Legia zremisowała trzeci mecz z rzędu w Ekstraklasie, tym razem na własnym stadionie z Pogonią Szczecin 1-1. "Wojskowi" przeważali, prowadzili, ale po raz kolejny dali sobie odebrać punkty, to był sprawiedliwy remis?
Legia stworzyła więcej okazji do zdobycia bramek, ale zabrakło skuteczności. Oczekujemy od niej zdecydowanie więcej. To co ostatnio dzieje się wokół klubu z Warszawy może budzić pewien niepokój. Bolączką Legii jest zwłaszcza gra w obronie, często traci punkty na własne życzenie.

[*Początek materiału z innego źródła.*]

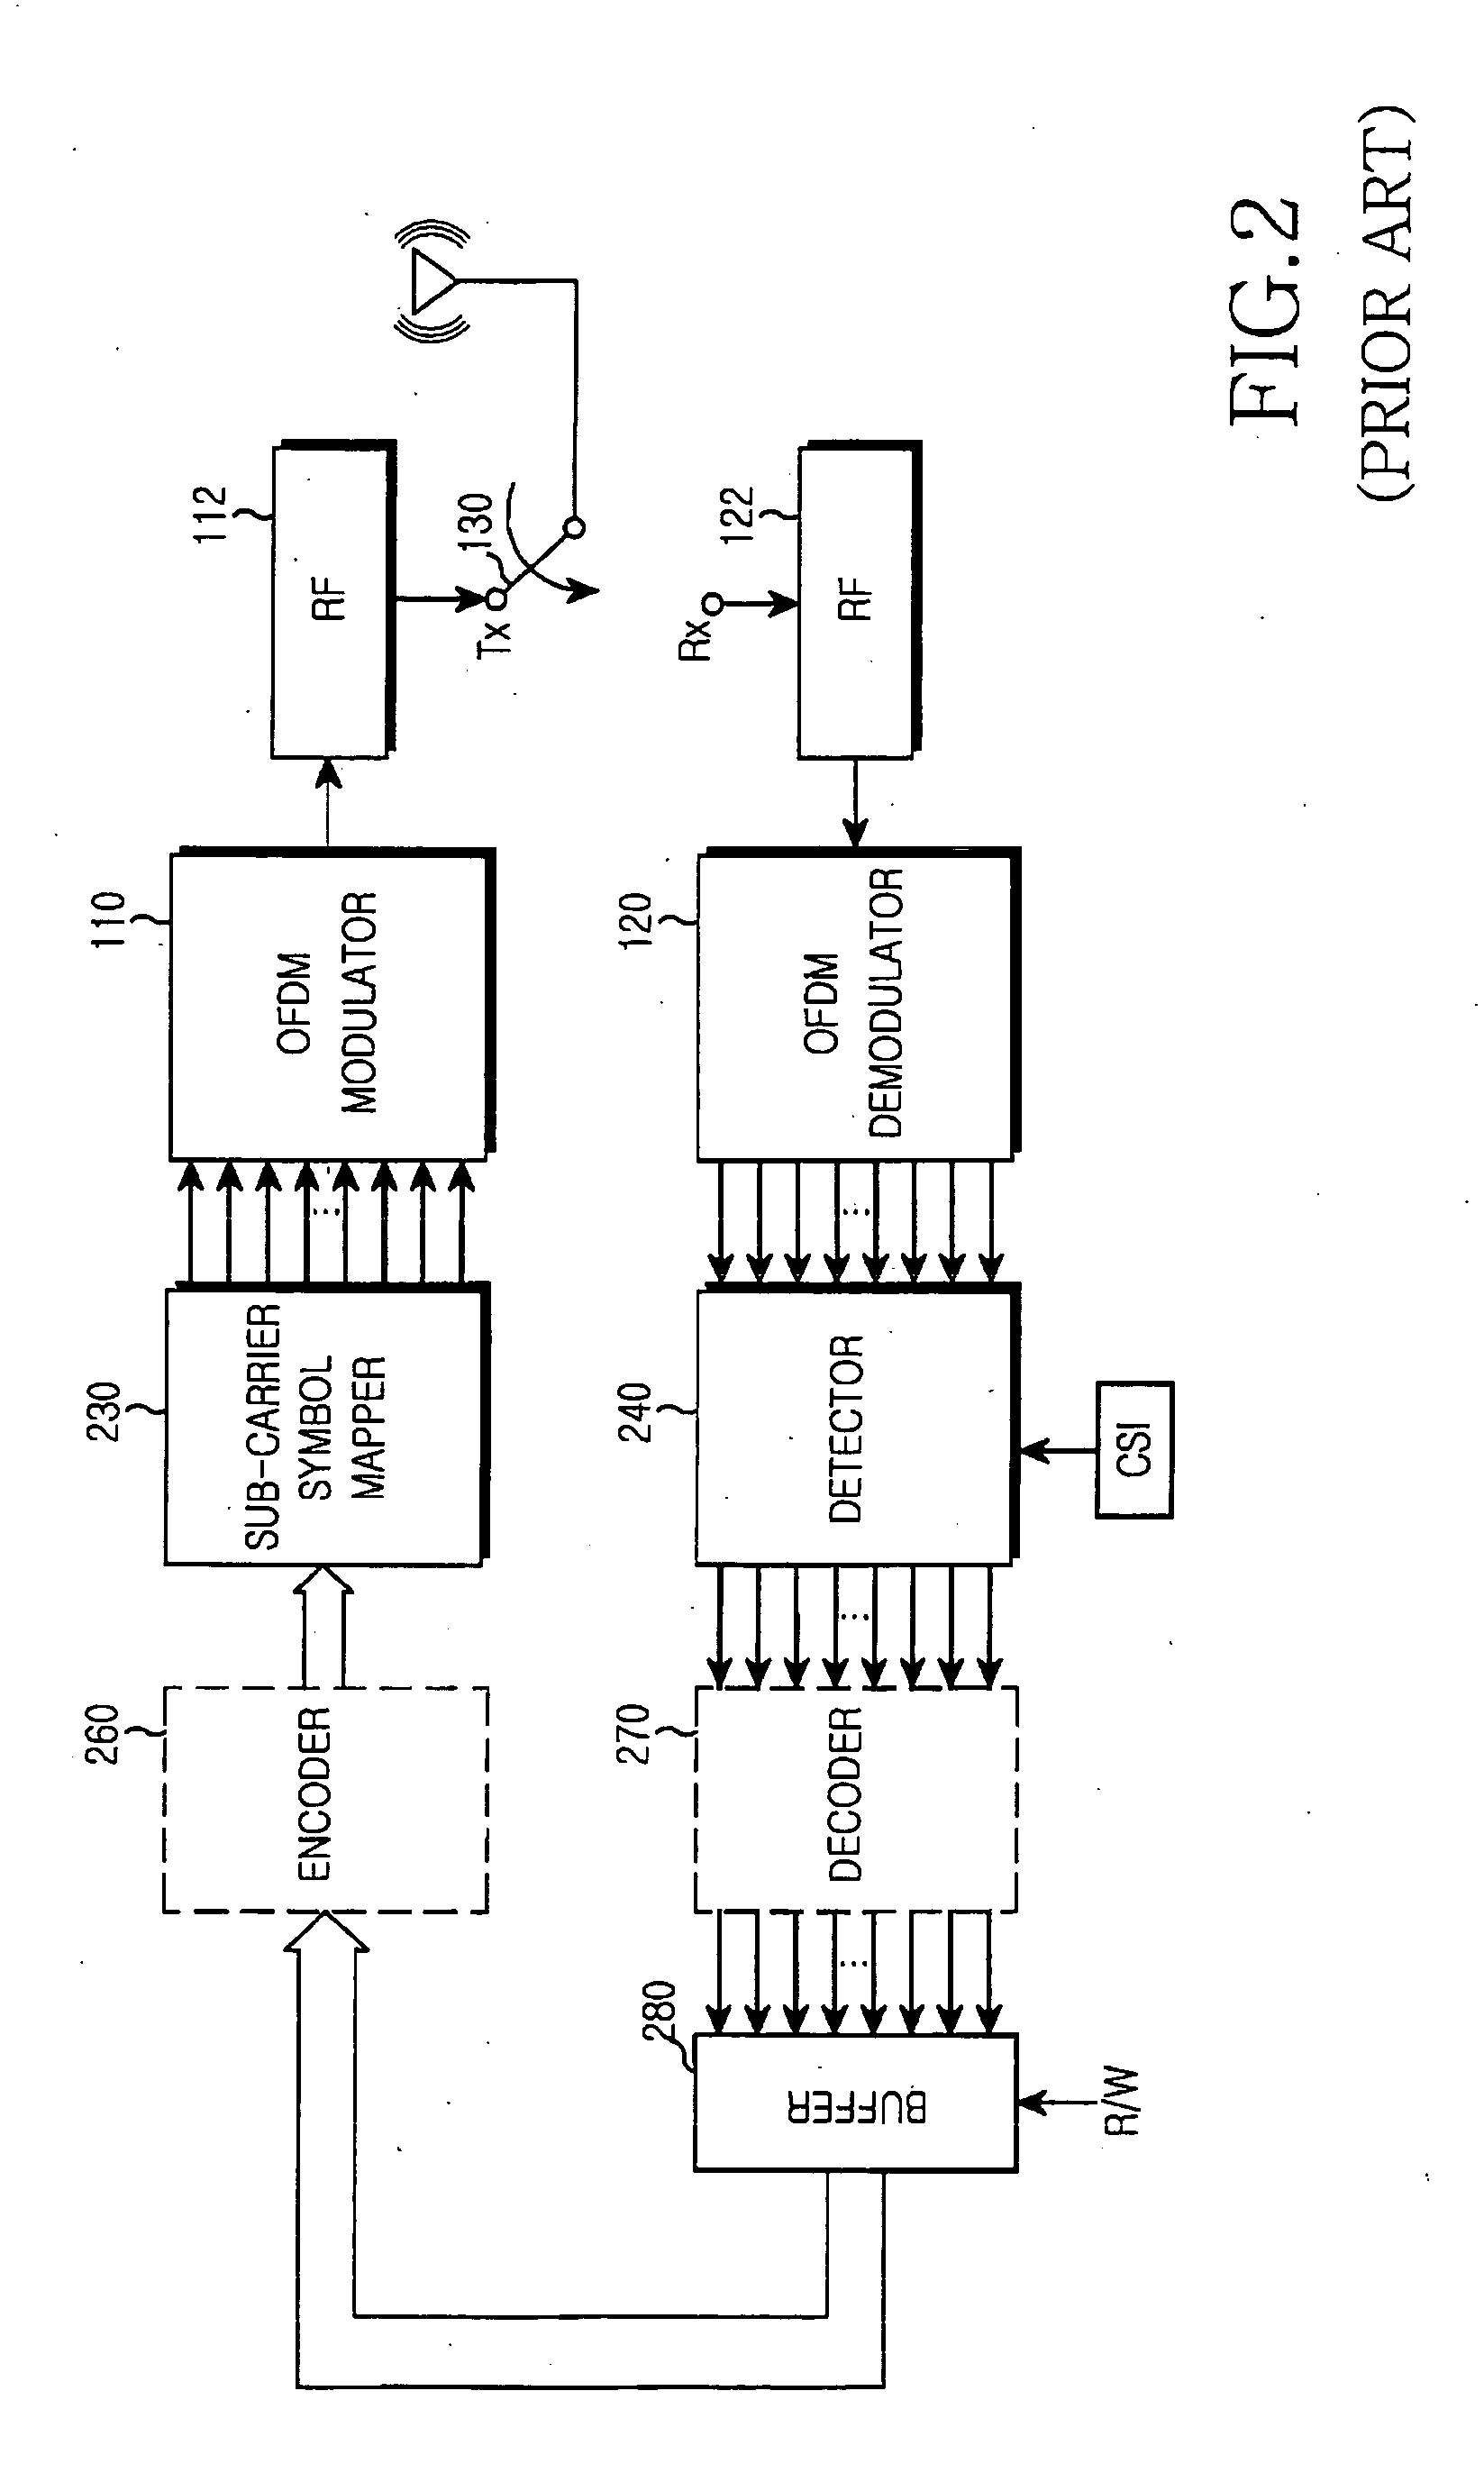 Hybrid forwarding apparatus and method for cooperative relaying in an OFDM network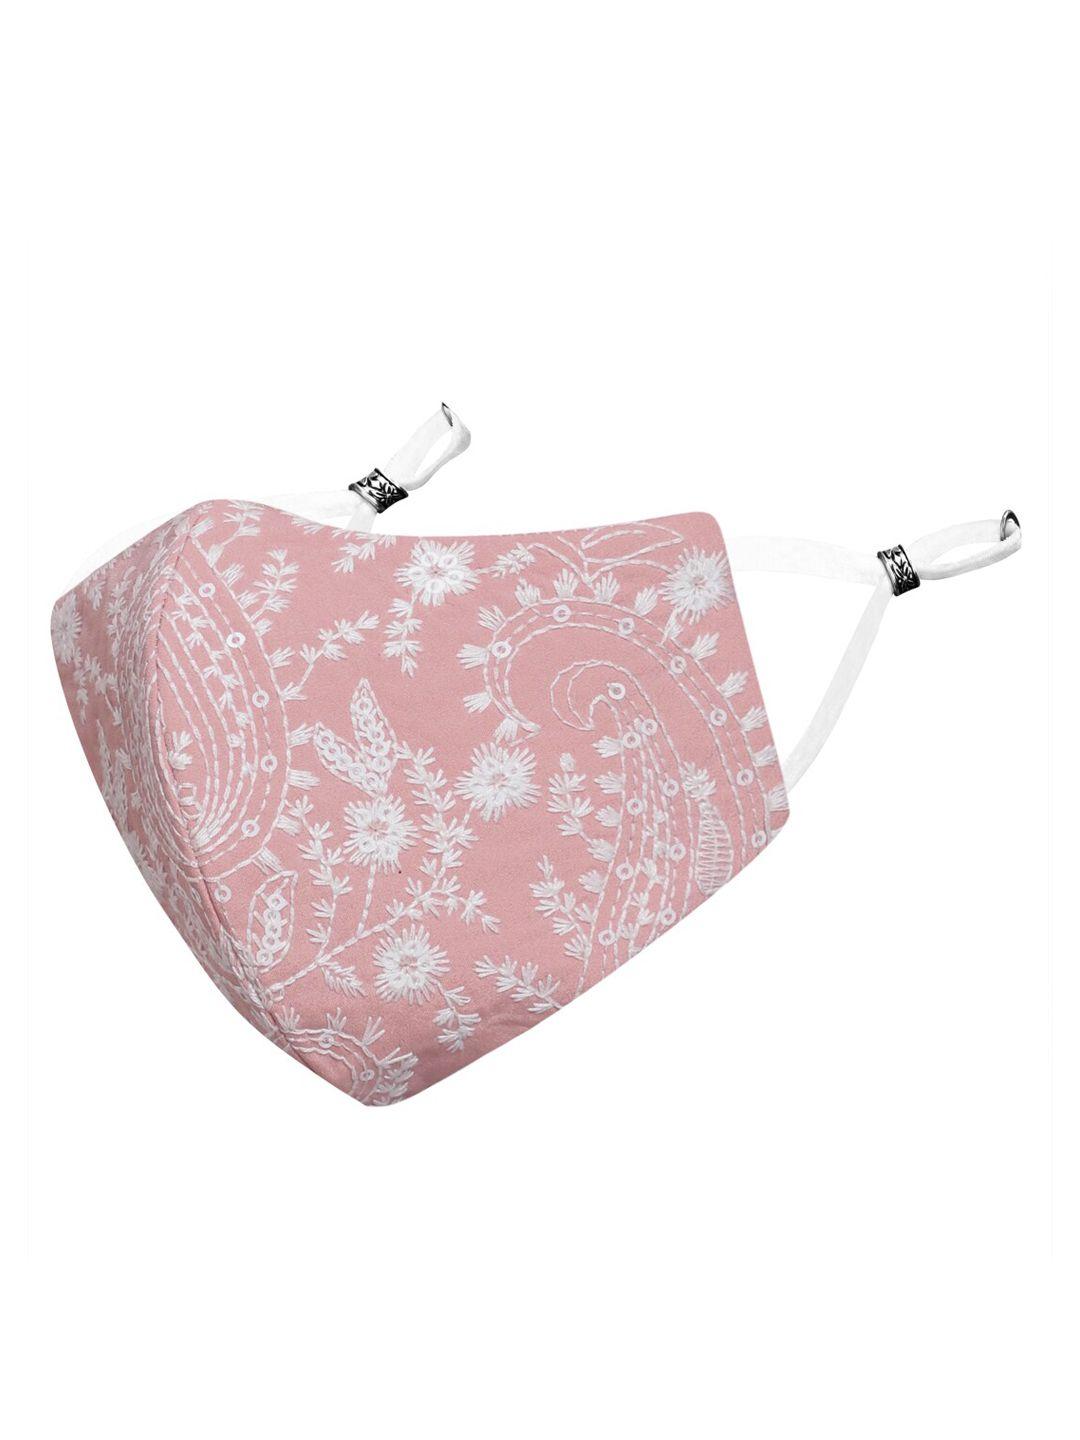 MASQ Pink & White Embroidered 4-Ply Reusable Anti-Pollution Cloth Mask

Spotkanie Legii z Pogonią rozczarowało?
Mnie tak. To był mecz w którym padały bramki po błędach personalnych. Legia również strzeliła gola po błędzie, tyle, że bramkarza Pogoni. Zagrały w nim drużyna rozpędzona i zmęczona, Pogoń w ciągu ośmiu dni zagrali trzeci mecz oraz zespół, który mentalnie wyraźnie jest w dołku.
W tym roku Legia straciła już sześć punktów, do prowadzącego Śląska Wrocław, który pokonał na własnym stadionie Widzew Łódź 2-1 traci siedem punktów. Trudno będzie wicemistrzom Polski odzyskać tytuł?
Czasami dwie, trzy kolejki zmieniają wszystko, ale mistrzostwo Polski na pewno do Legii się nie przybliża. Patrzę na zespół trenera Kosty Runjaicia i zastanawiam się, co takiego stało, że Legia u siebie właściwie nie potrafi wygrywać. W ostatnich siedmiu meczach przy Łazienkowskiej wygrała tylko raz. Jej bolączką jest zwłaszcza gra w obronie, często traci punkty na własne życzenie.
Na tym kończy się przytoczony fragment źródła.